I was trying to get a little better grasp on source criticism the other day and ran across a Themelios book review on The Formation of the Pentateuch. I thought the reviewer’s summary was pretty good, but what do I know? Do you (and @Christy, and anyone else out there with a little knowledge to share) think it’s an accurate description of the state of things?

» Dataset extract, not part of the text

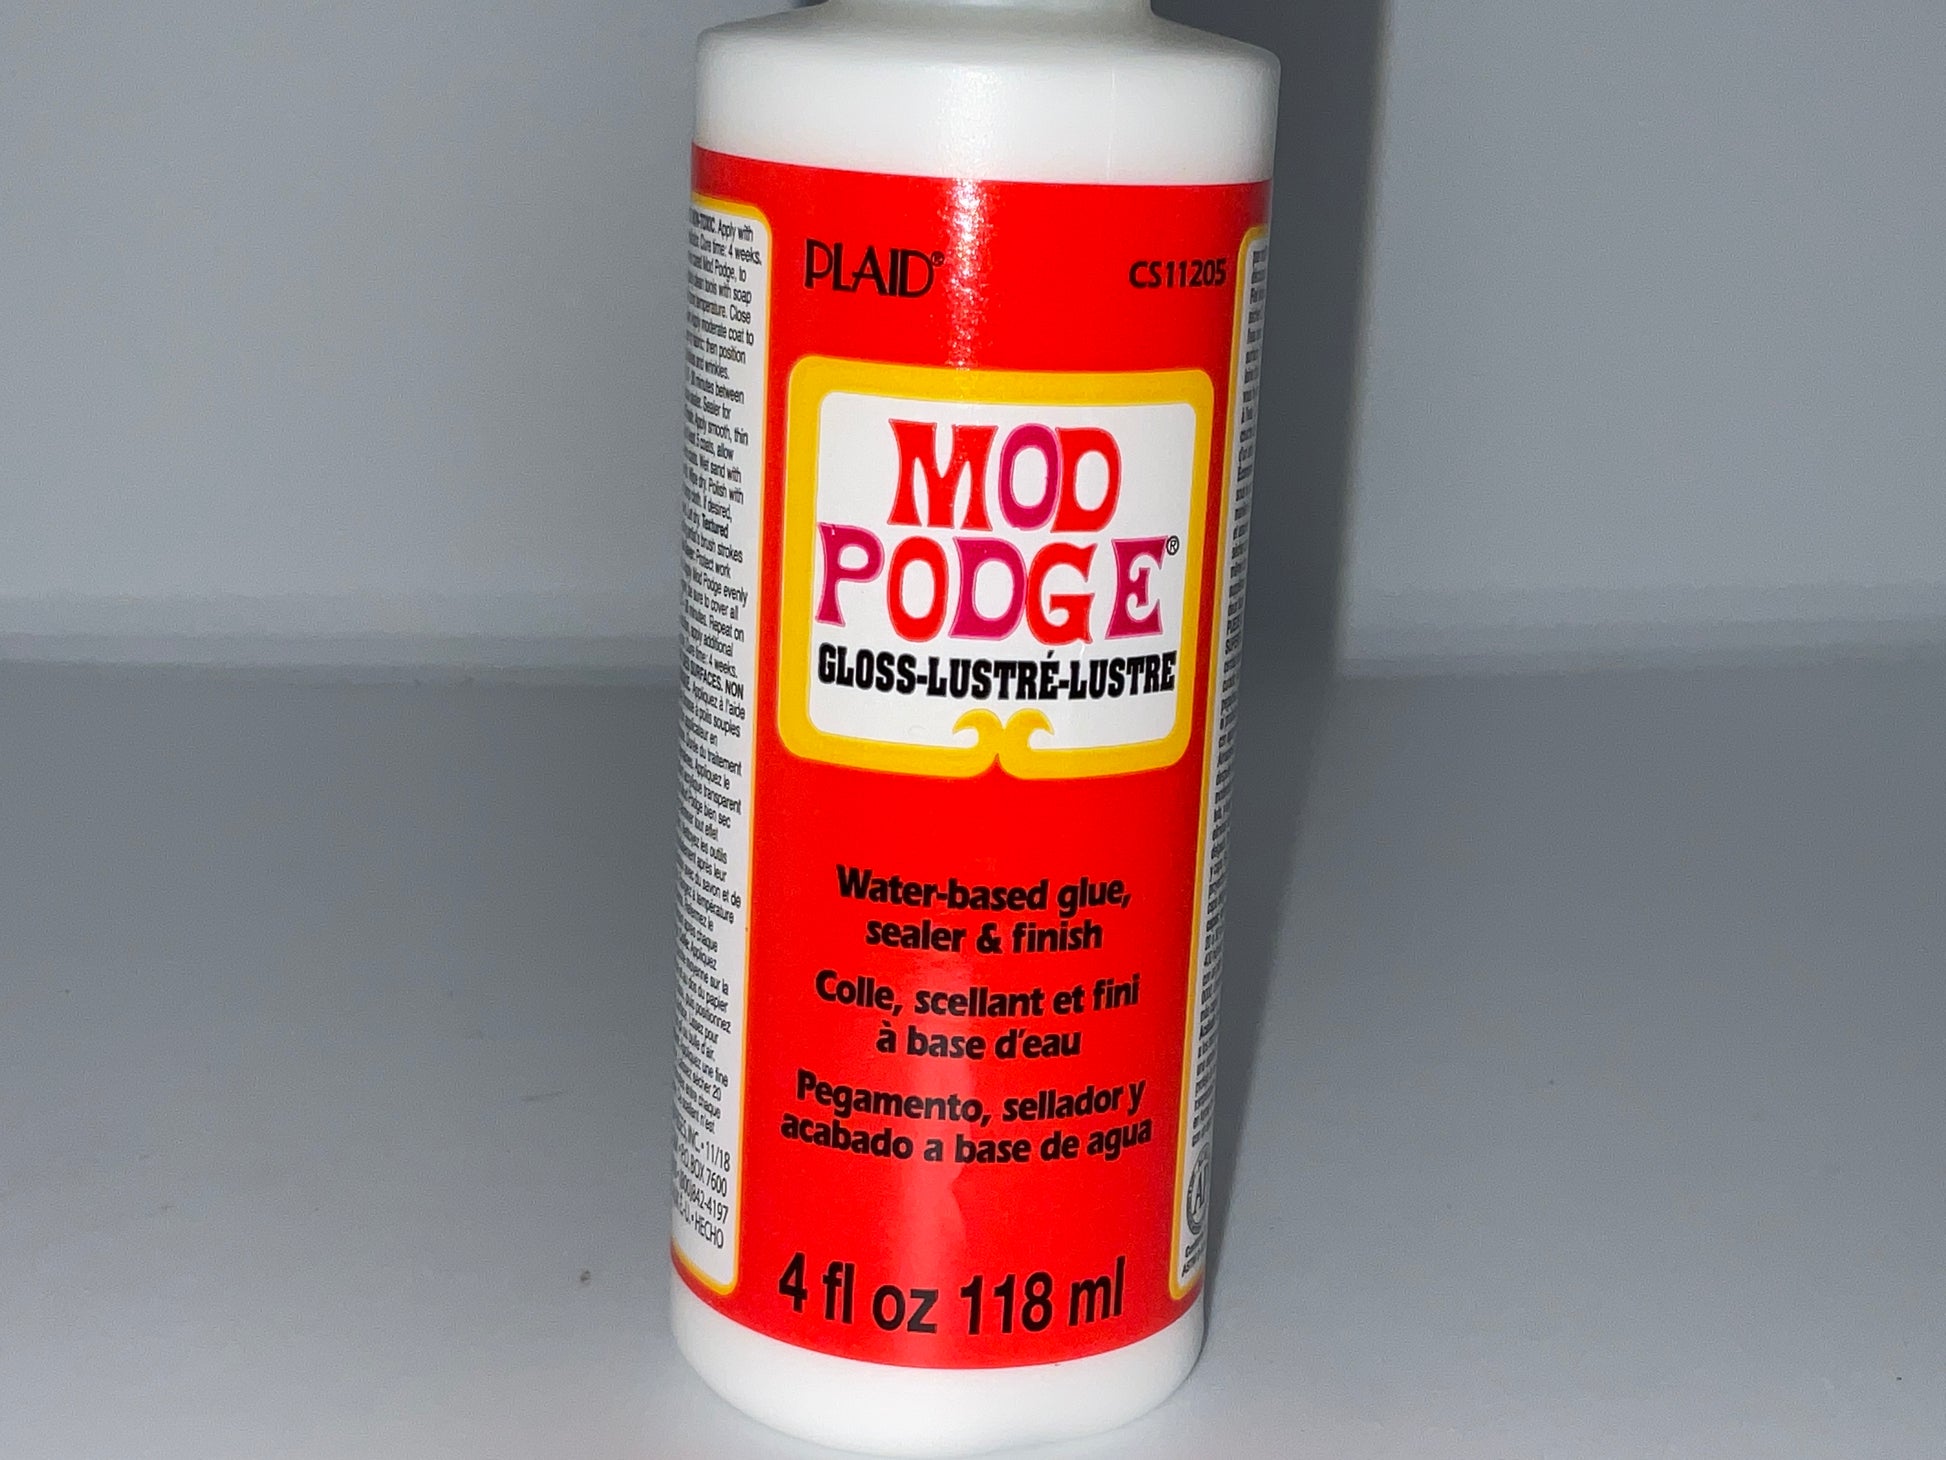 Mod Podge Water-based glue, sealer and finish – Me Time Specialty
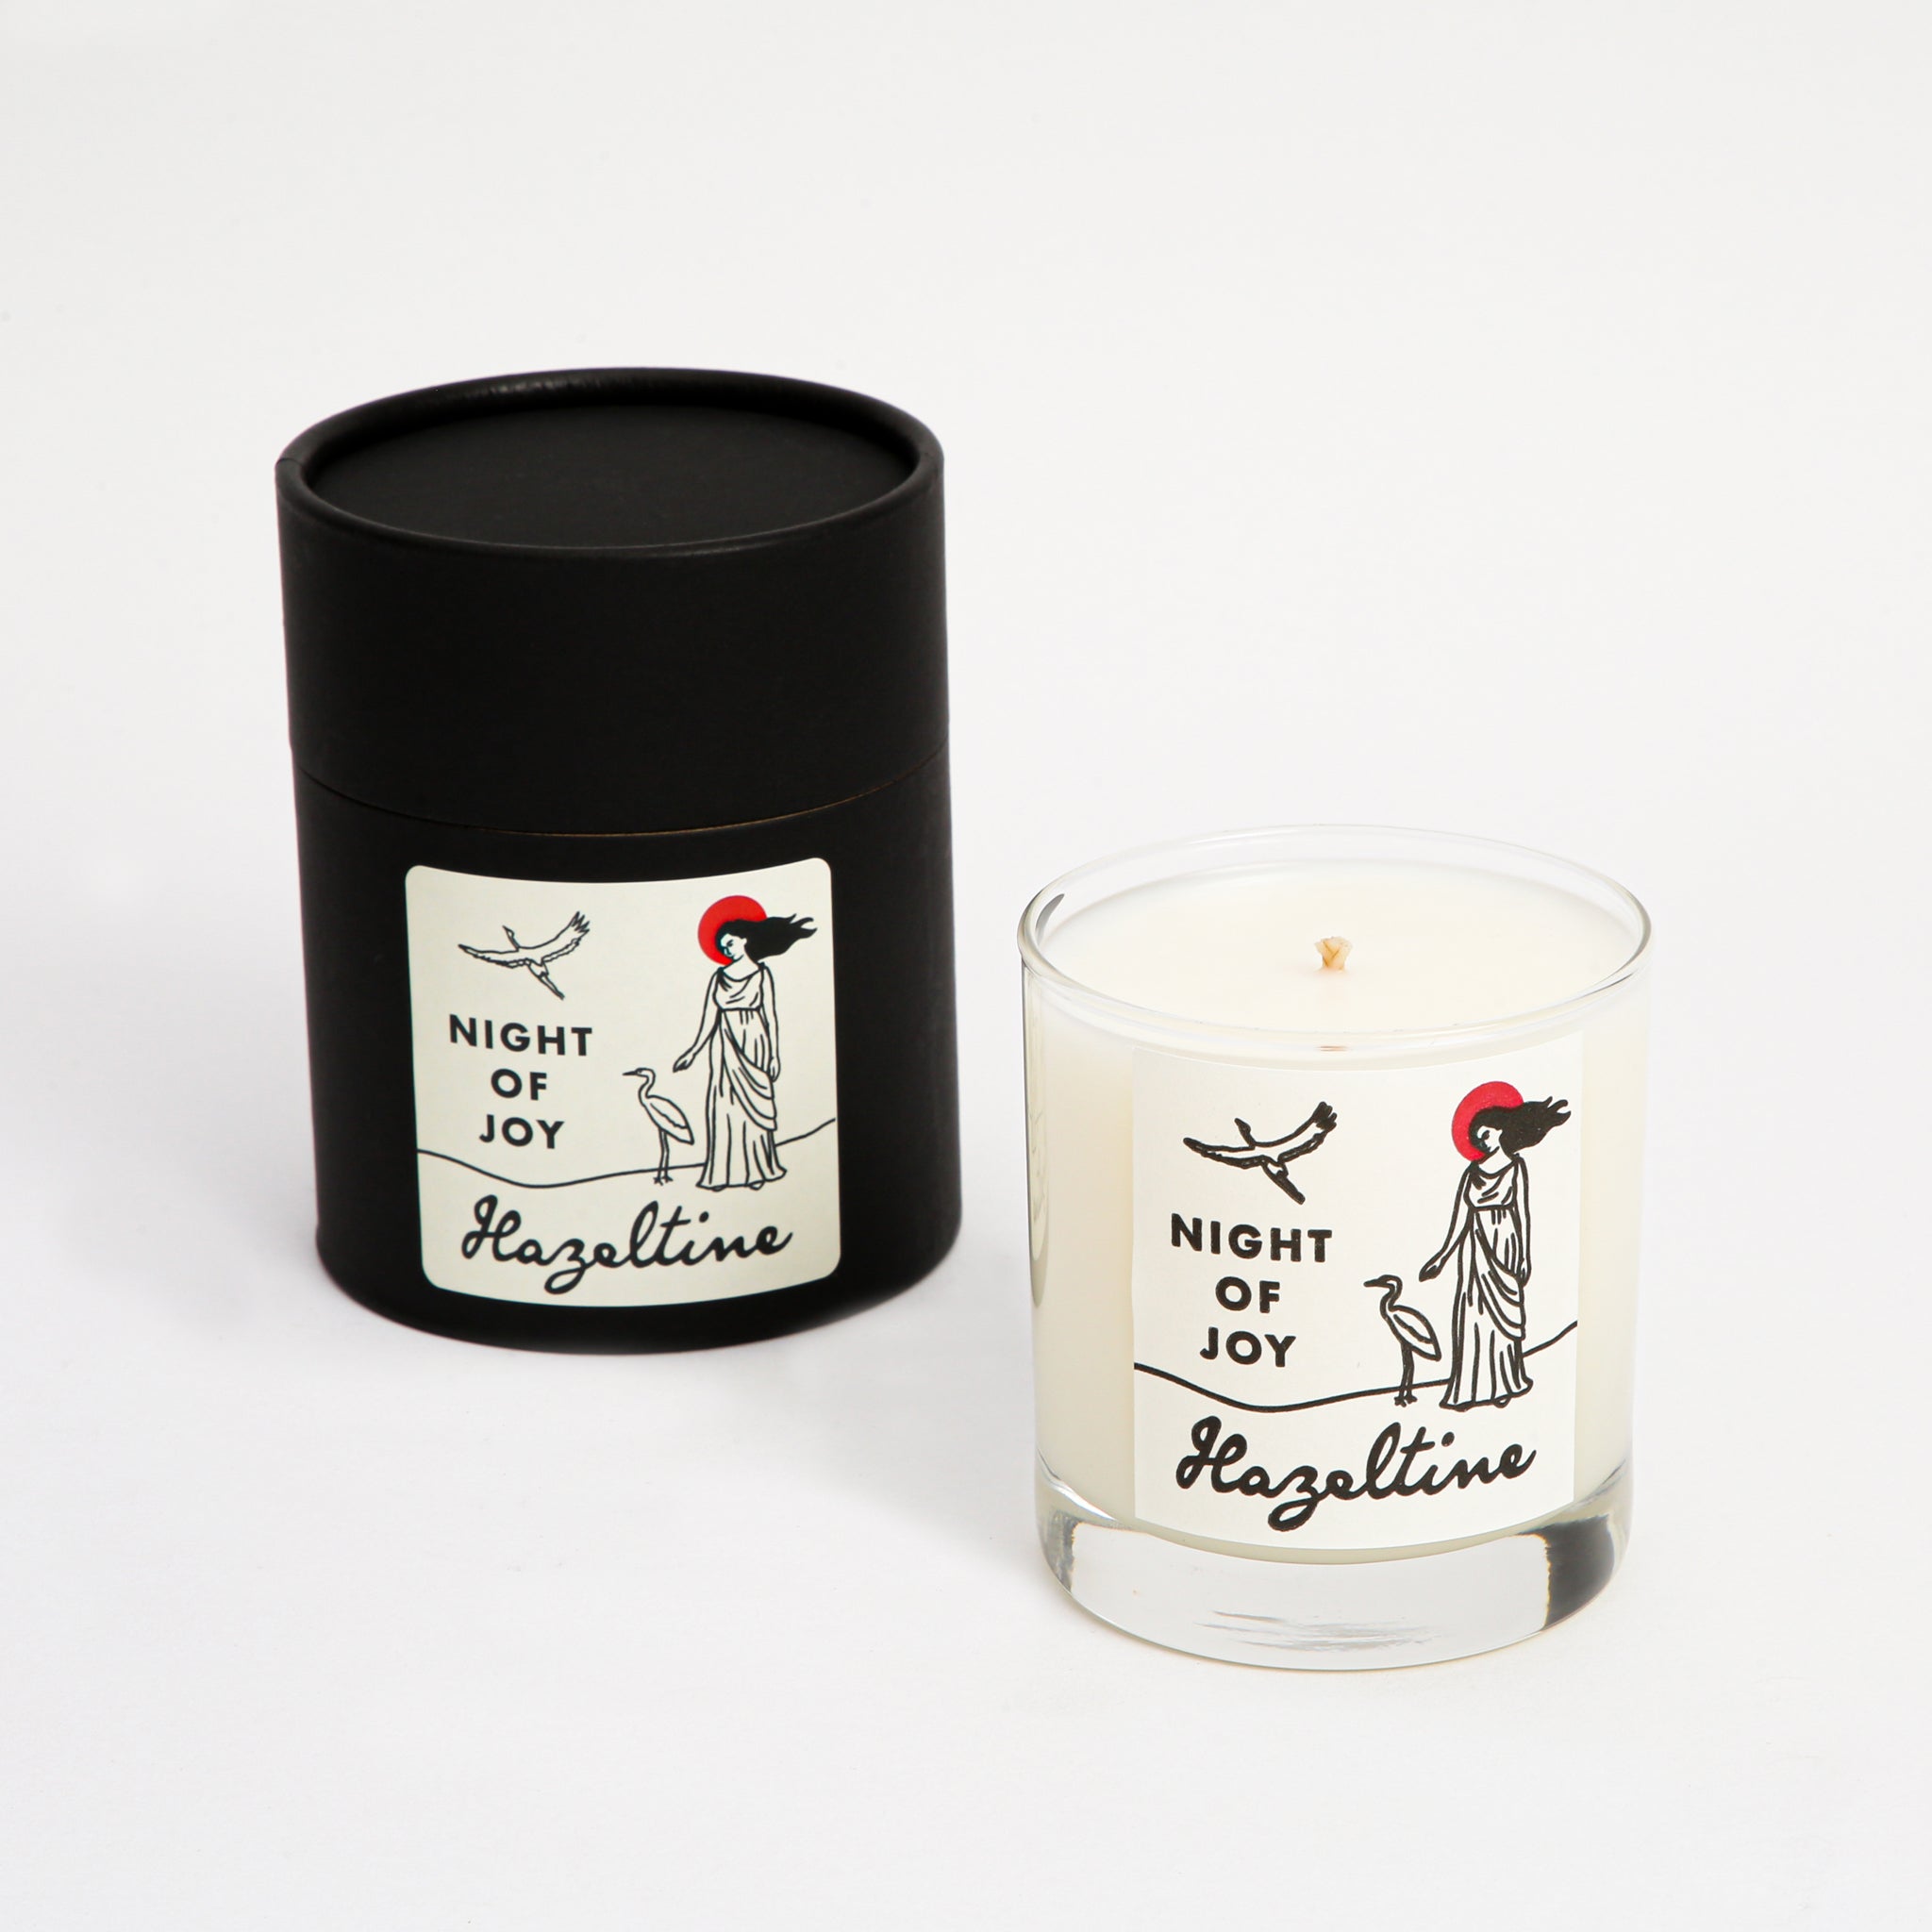 Night of Joy Scented Candle with Box

“This is an important book and to understand how it contributes to biblical studies, it is crucial first to remember the present state of critical scholarship on the Pentateuch. Currently, two main approaches coexist. On the one hand, many exegetes in North America and in Israel still endorse the Documentary Hypothesis, albeit often in a refined version. According to Julius Wellhausen’s hypothesis, four documents (J, E, D, P) underlie the Pentateuch. While this theory came under heavy fire during the last quarter of the twentieth century, some scholars (the so-called “Neo-Documentarians”), building on the work of their mentor B. Schwartz, have skillfully renewed it, notably J. Baden (The Composition of the Pentateuch: Renewing the Documentary Hypothesis [New Haven: Yale University Press, 2012]) and J. Stackert (A Prophet like Moses: Prophecy, Law, and Israelite Religion [New York: Oxford University Press, 2014]). On the other hand, most critical scholars in Europe have long ceased to believe in the existence of E (the so-called Elohist document), and more recently in J, that is, the Yahwist (see e.g., T. B. Dozeman and K. Schmid, A Farewell to the Yahwist? The Composition of the Pentateuch in Recent European Interpretation [Atlanta: SBL Press, 2006]). Accordingly, the main division in Genesis to Numbers is to be found between P (the Priestly work) and non-P, with some Deuteronomistic influence too.”